■ **Exercise goal**
Begin at the line where "These bentwood armchairs" appears and reproduce exactly every line through the end of the data below, both included, skipping pictures.

■ **Supplied information**
- - -

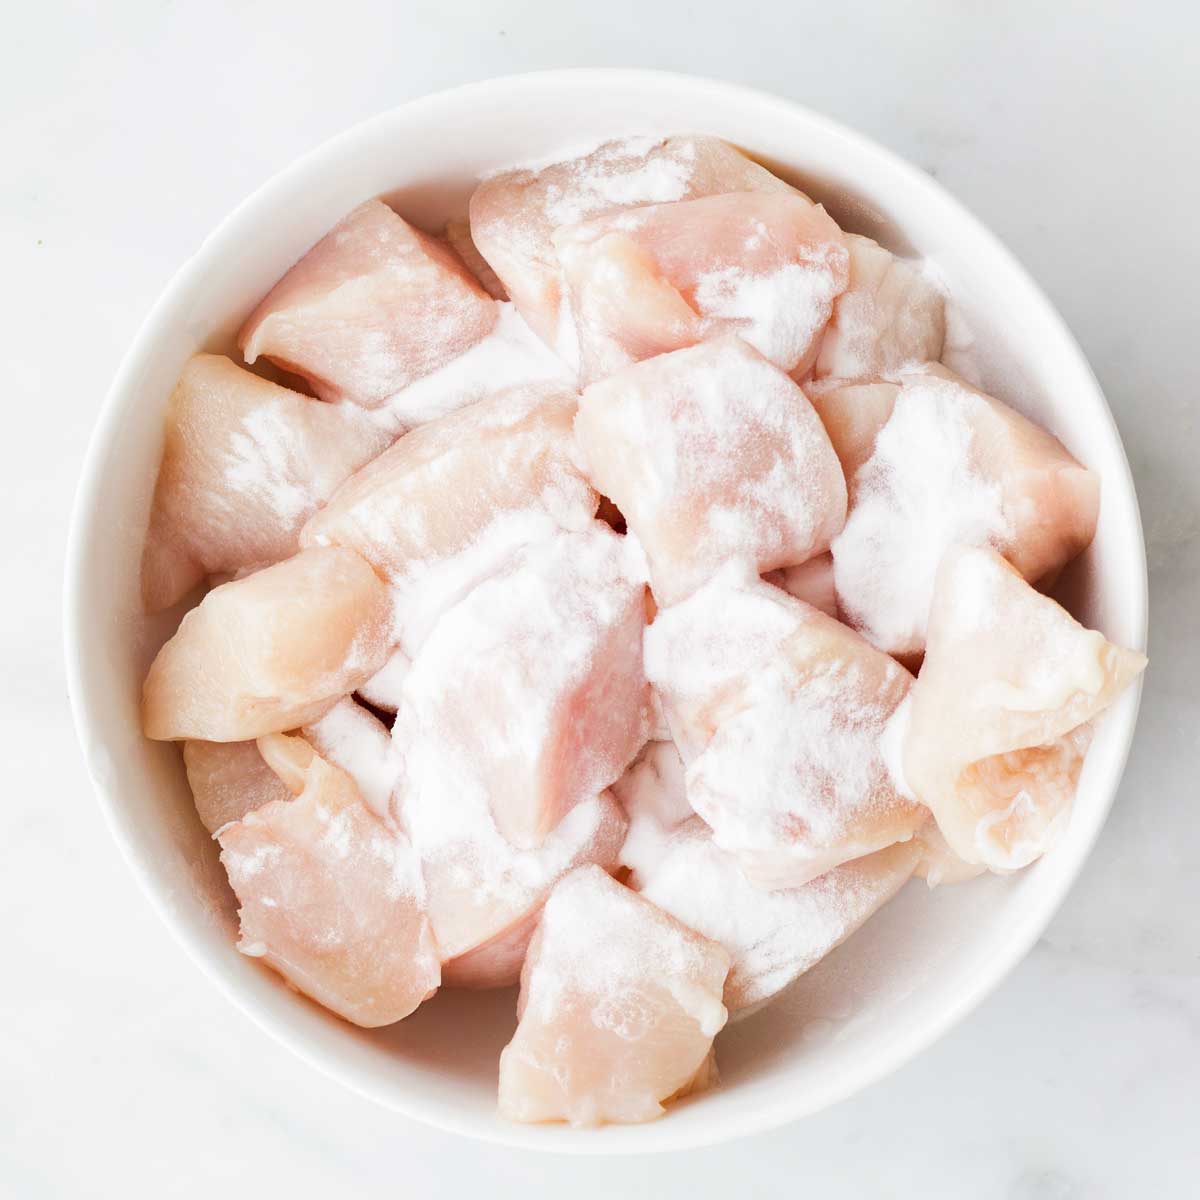 Bowl of Chicken Breast Chunks with Baking Soda Sprinkled On Top.
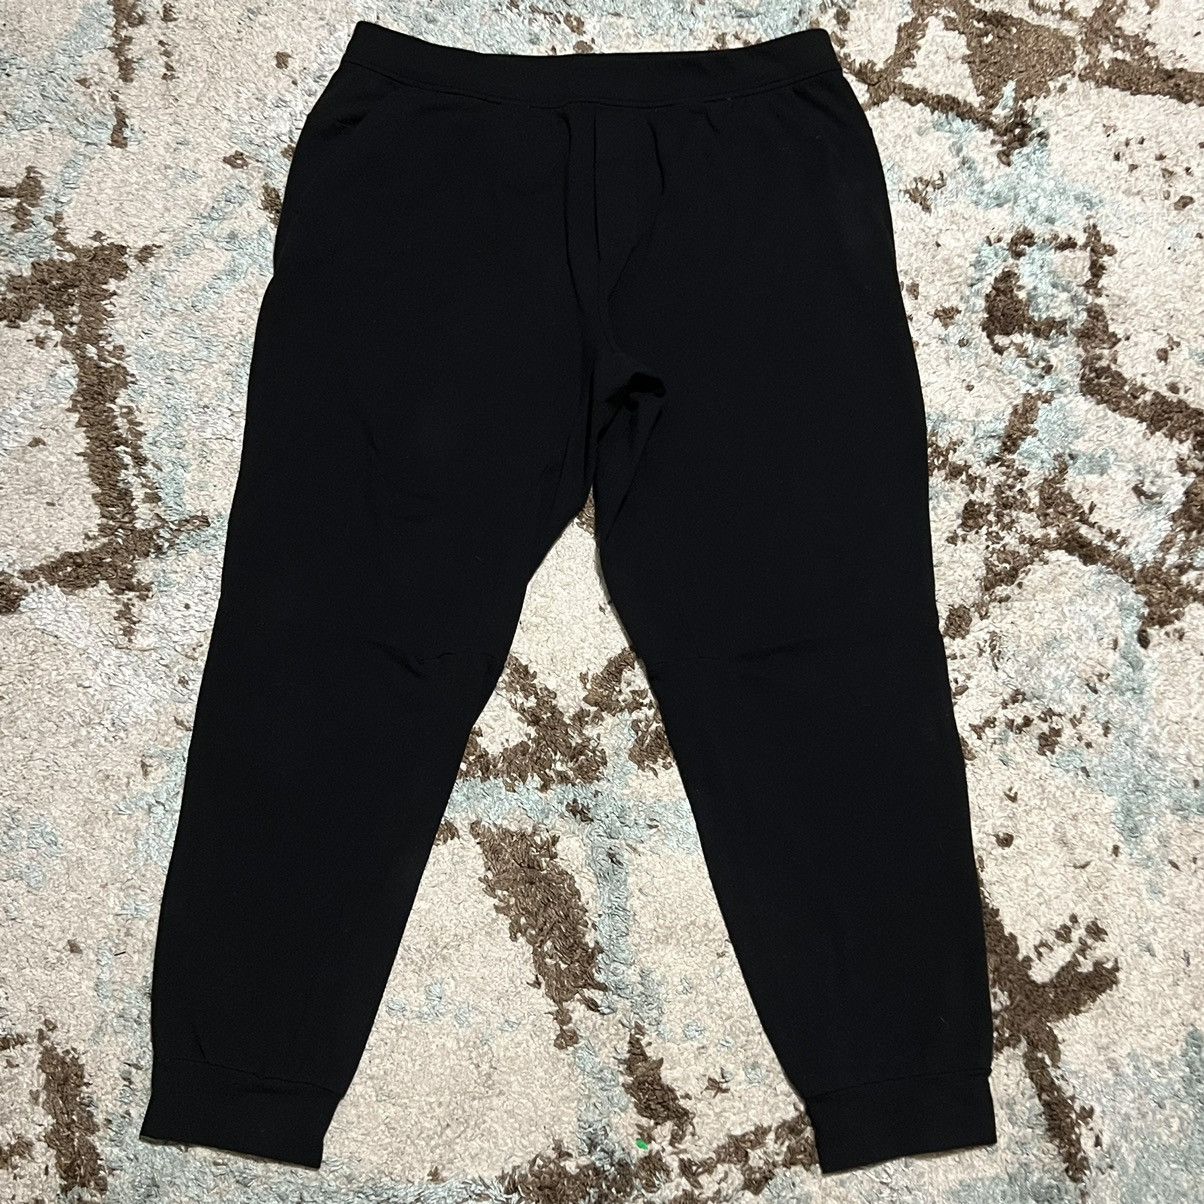 New Lululemon Intent Jogger in Black - NWT
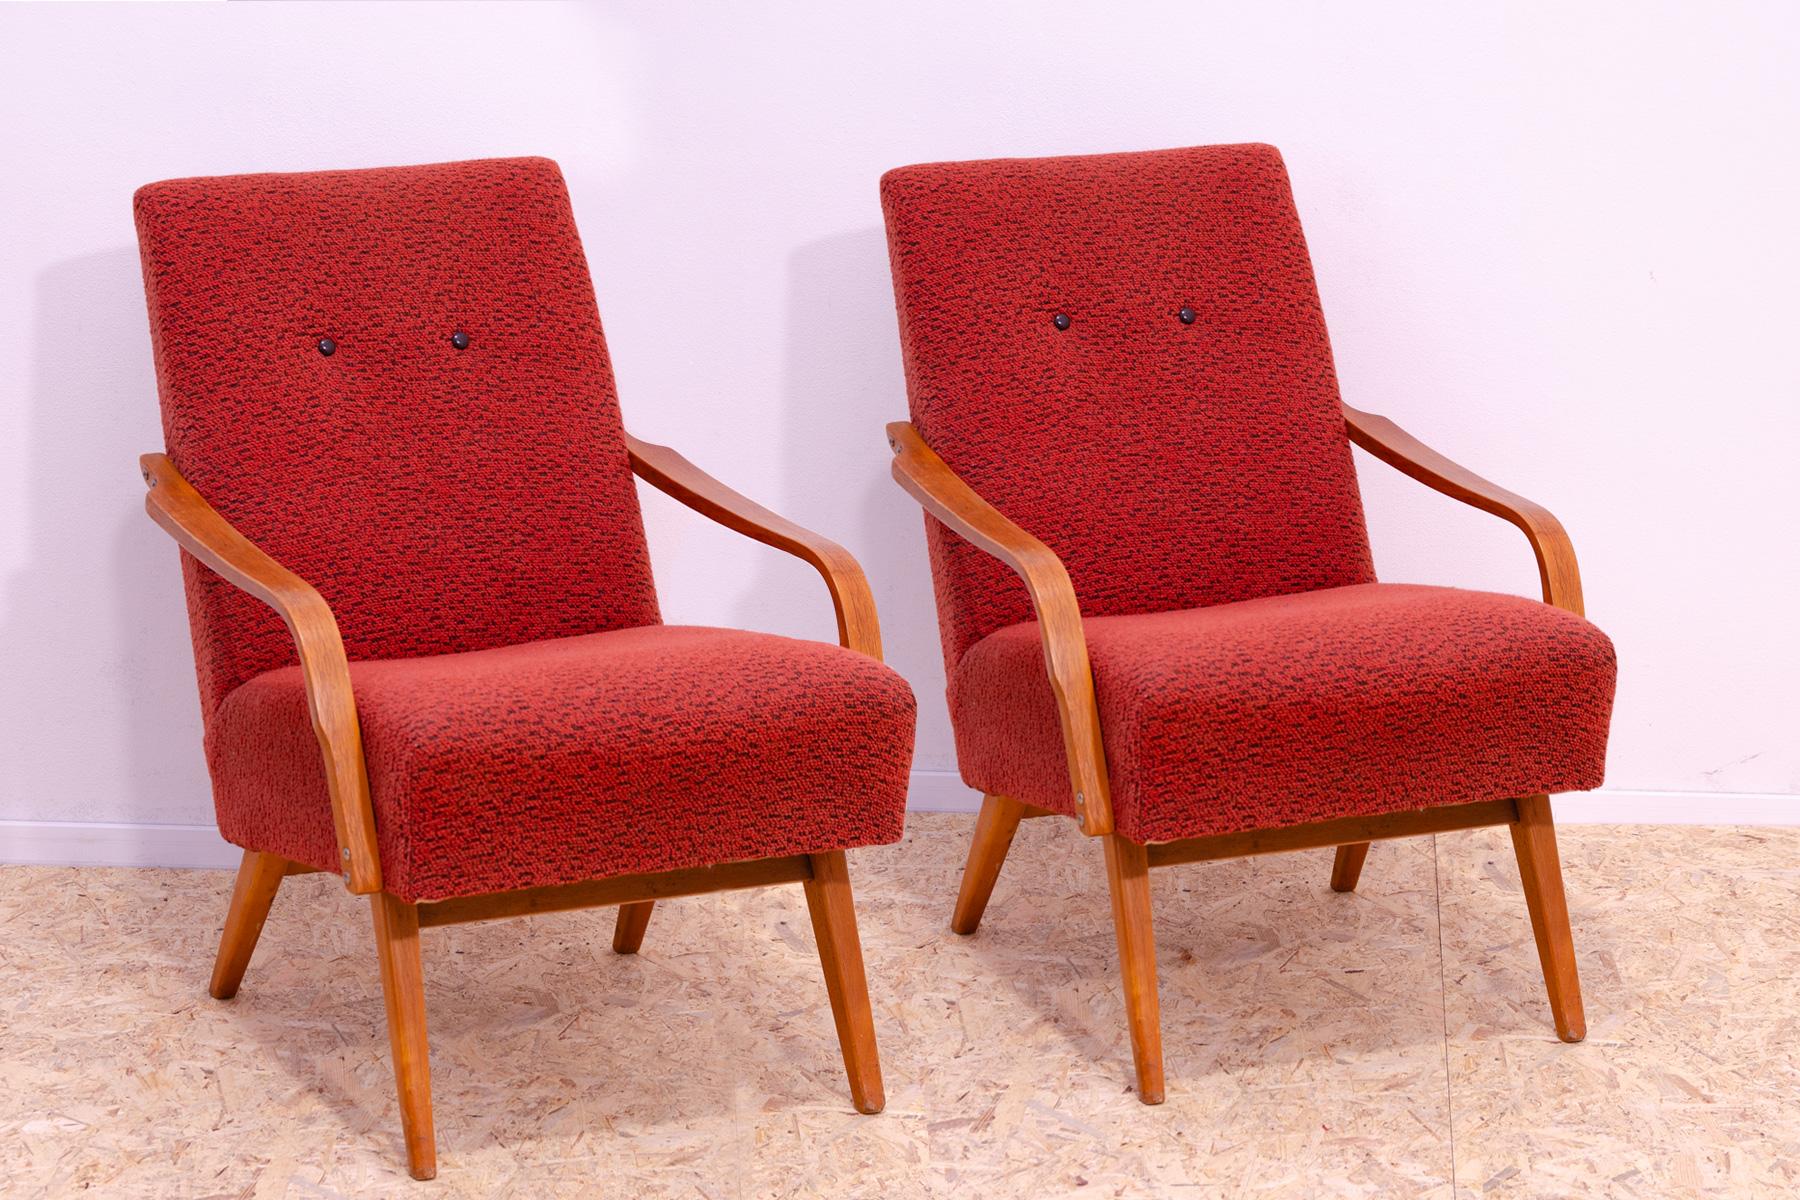 These bentwood armchairs were designed by Jaroslav Šmídek and made by Český nábytek company in the former Czechoslovakia in the 1960´s.

The chairs are stable and comfortable. These are in good Vintage condition, shows slight signs of age and

- - -

■ **Result of the exercise**
 These bentwood armchairs were designed by Jaroslav Šmídek and made by Český nábytek company in the former Czechoslovakia in the 1960´s.

The chairs are stable and comfortable. These are in good Vintage condition, shows slight signs of age and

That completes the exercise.